CORRESP 1 filename1.htm October 1, 2003

Richardson

& Associates

Attorneys at Law

_______________________________________________________________________________________________________________________

May 12, 2016

 

MailStop 3561

 

United States

Securities and Exchange Commission

Division of Corporation Finance

100 F Street, NE

Washington, D.C. 20549

 

Attention:          Mara L. Ransom, Assistant Director of Consumer Products

                        Daniel Porco

 

Re:      HyGen Industries, Inc.

Pre-Effective Amendment Number One

            Offering Statement on Form 1-A

            Filed January 25, 2016

            File No. 024-10518                                                                                        

Dear Commission:

            Enclosed for filing on behalf of HyGen Industries, Inc. (the "Company") is Pre-Effective Amendment Number One to the above referenced Offering Statement on Form 1-A, redlined to show changes from the initial filing.  The following are our responses to the comments in your letter to Paul Staples, Chief Executive Officer of the Company, dated February 22, 2016.

Cover Page

1.   We deleted reference to "For Sophisticated Investors Only" on the cover page.
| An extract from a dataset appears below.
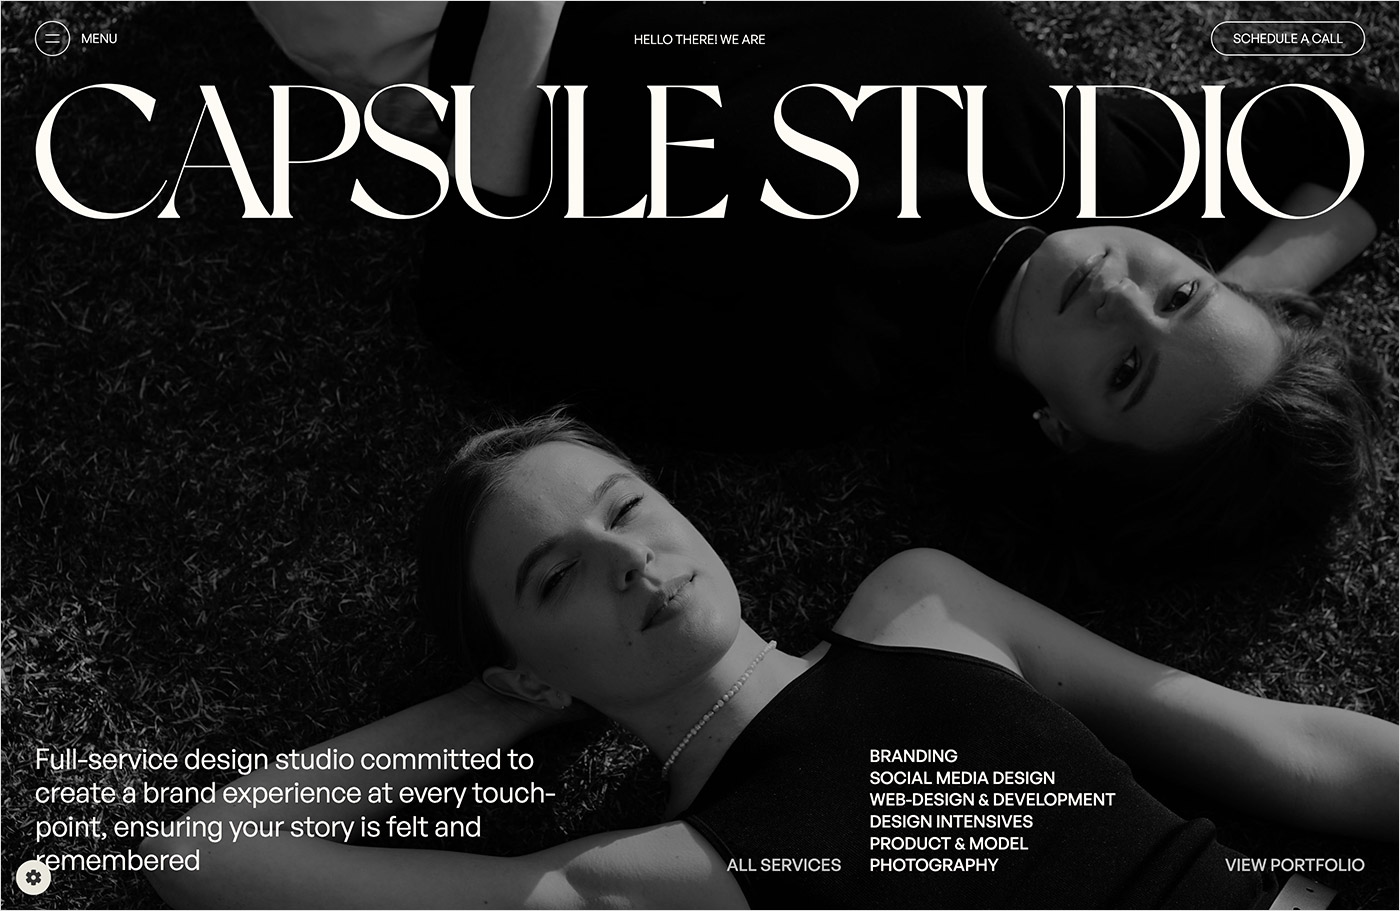 Capsule Design Studioウェブサイトの画面キャプチャ画像

2.   In footnote 1 to the table on the cover page, we add the sentence indicated stating that investor funds will be immediately available to us and none will be returned if an insufficient amount of capital is raised in the offering to fund our business plan.

Use of Proceeds, page 5

3.   We have modified the disclosure in the "Use of Proceeds" section of the Offering Circular to show estimated management compensation and the 25%, 50%, 75% and 100% scenarios.

4.  We have modified the "Use of Proceeds" section of the Offering Circular to show the new categories of estimated uses more clearly.  We have deleted reference to an acquisition as we are now focused primarily on building stations.

Business

Plan of Operations, page 5

5.  We have added disclosure on page 26 of the Offering Circular under "Risk Factors - Risks Related to the Offering" to explain that we will elect to delay compliance with new or revised financial accounting standards until the date that the standard is effective for a company that is not an issuer.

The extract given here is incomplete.